* _Provided material_

- - - - -

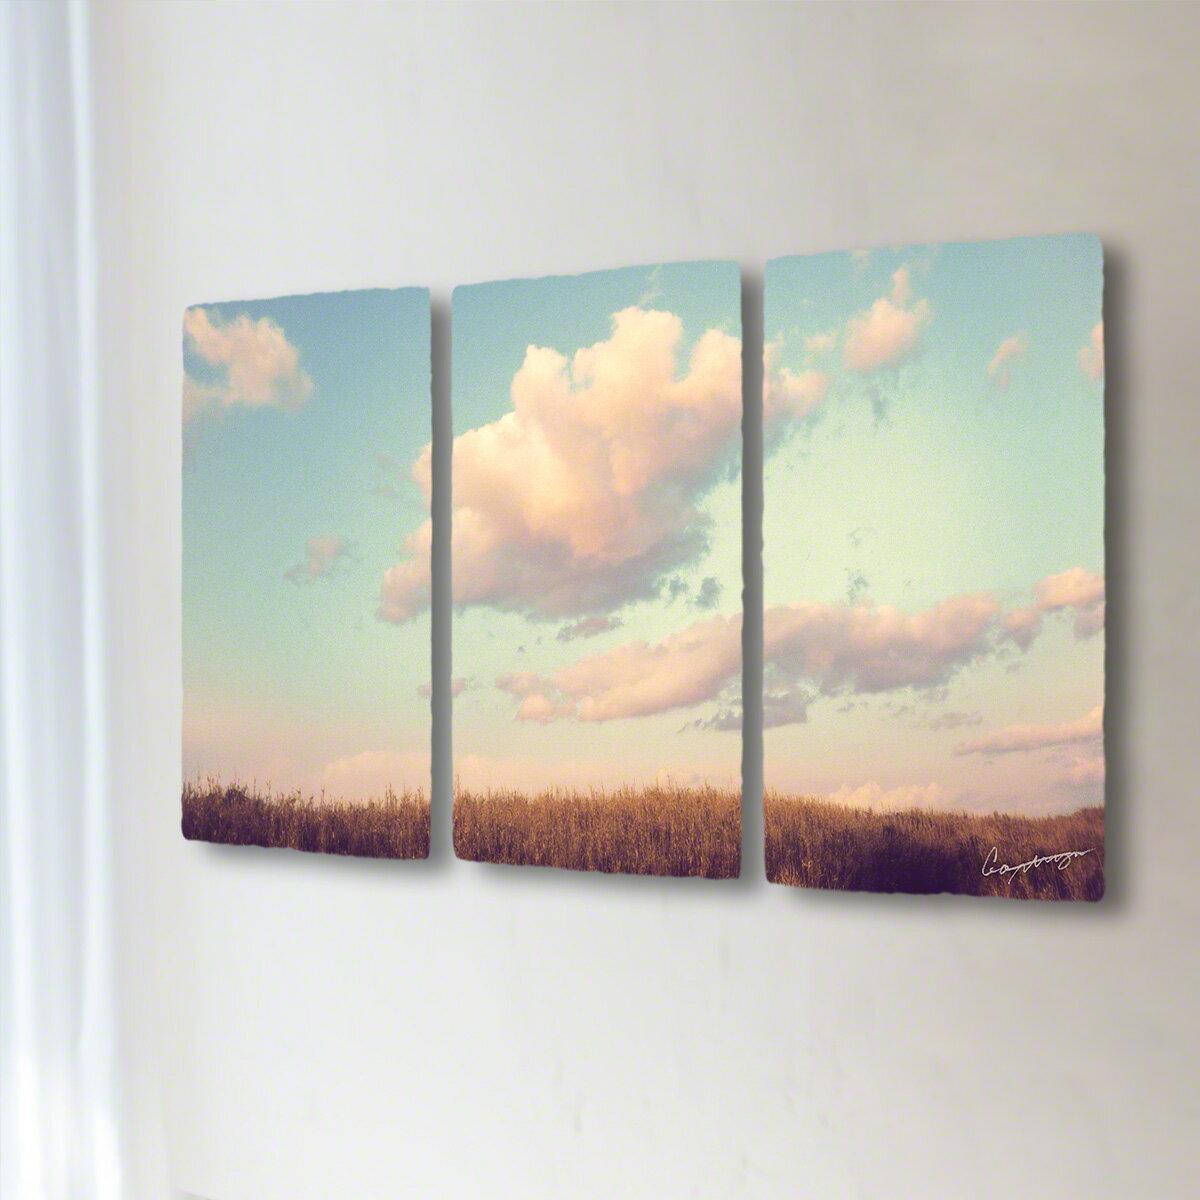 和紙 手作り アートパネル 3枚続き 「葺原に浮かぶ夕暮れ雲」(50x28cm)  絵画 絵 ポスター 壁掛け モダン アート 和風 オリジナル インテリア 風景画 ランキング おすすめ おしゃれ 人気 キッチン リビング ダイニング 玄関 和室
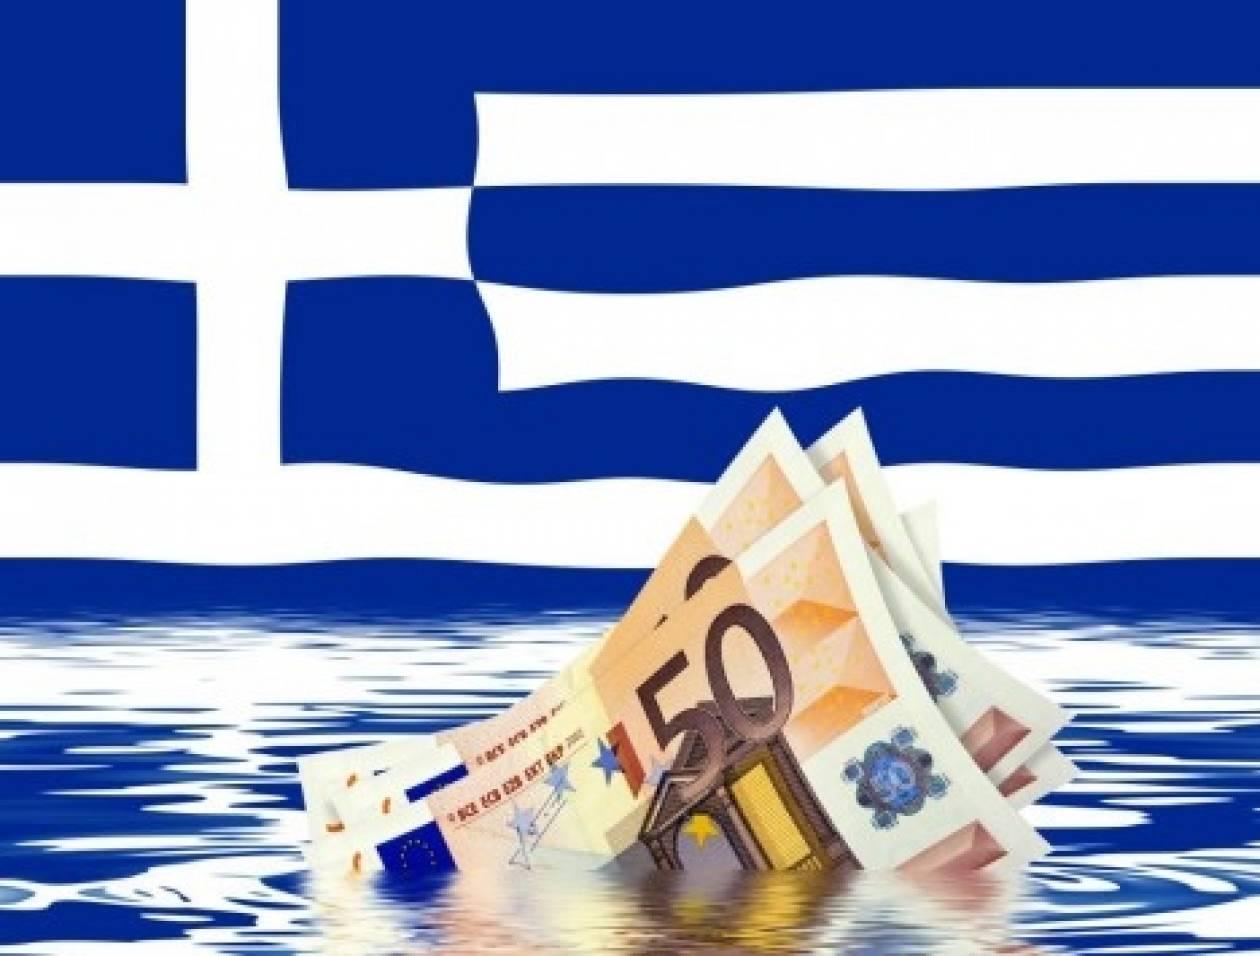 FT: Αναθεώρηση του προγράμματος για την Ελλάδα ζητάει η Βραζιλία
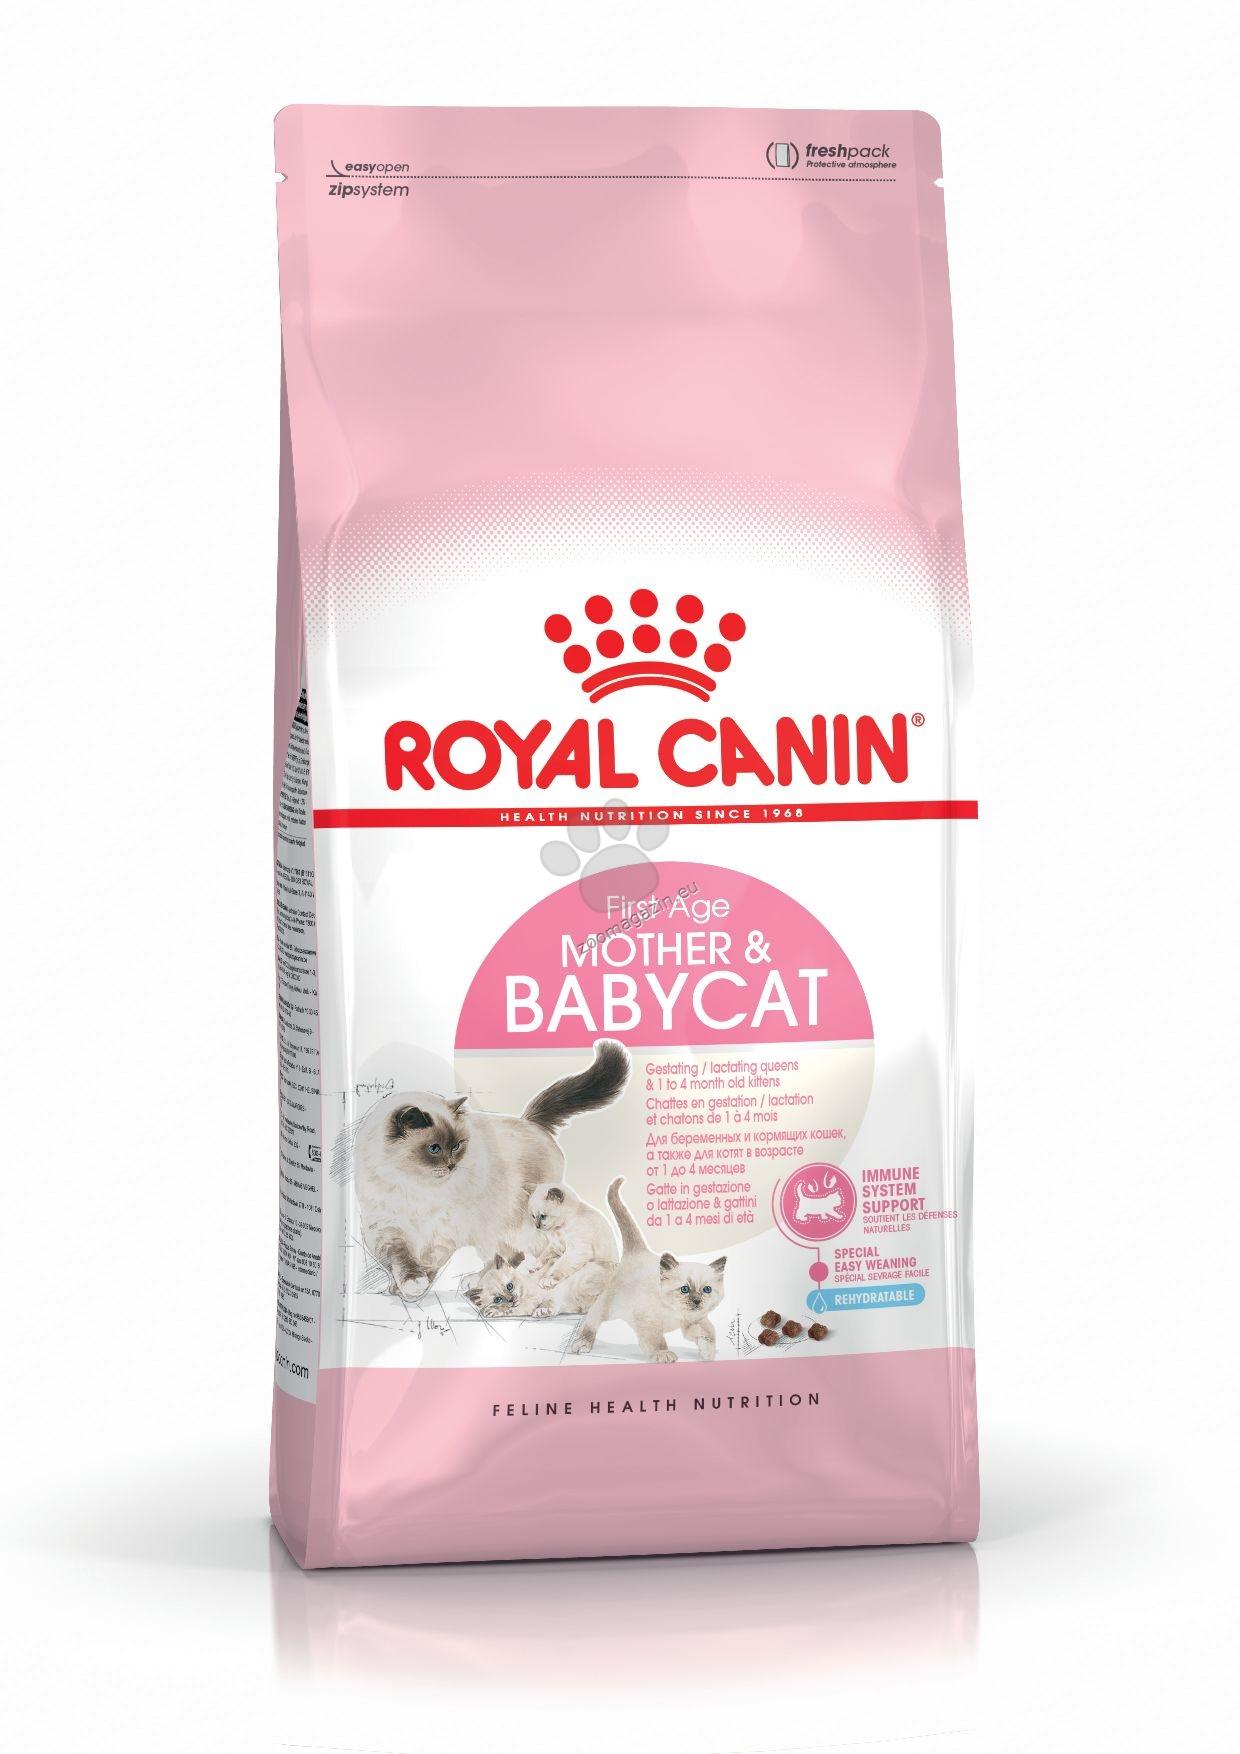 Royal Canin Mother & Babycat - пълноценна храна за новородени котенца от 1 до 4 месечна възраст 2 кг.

- - - - -

Copy out every line above, word for word, minus images.

* _Completed task_
 和紙 手作り アートパネル 3枚続き 「葺原に浮かぶ夕暮れ雲」(50x28cm)  絵画 絵 ポスター 壁掛け モダン アート 和風 オリジナル インテリア 風景画 ランキング おすすめ おしゃれ 人気 キッチン リビング ダイニング 玄関 和室
 FT: Αναθεώρηση του προγράμματος για την Ελλάδα ζητάει η Βραζιλία
 Royal Canin Mother & Babycat - пълноценна храна за новородени котенца от 1 до 4 месечна възраст 2 кг.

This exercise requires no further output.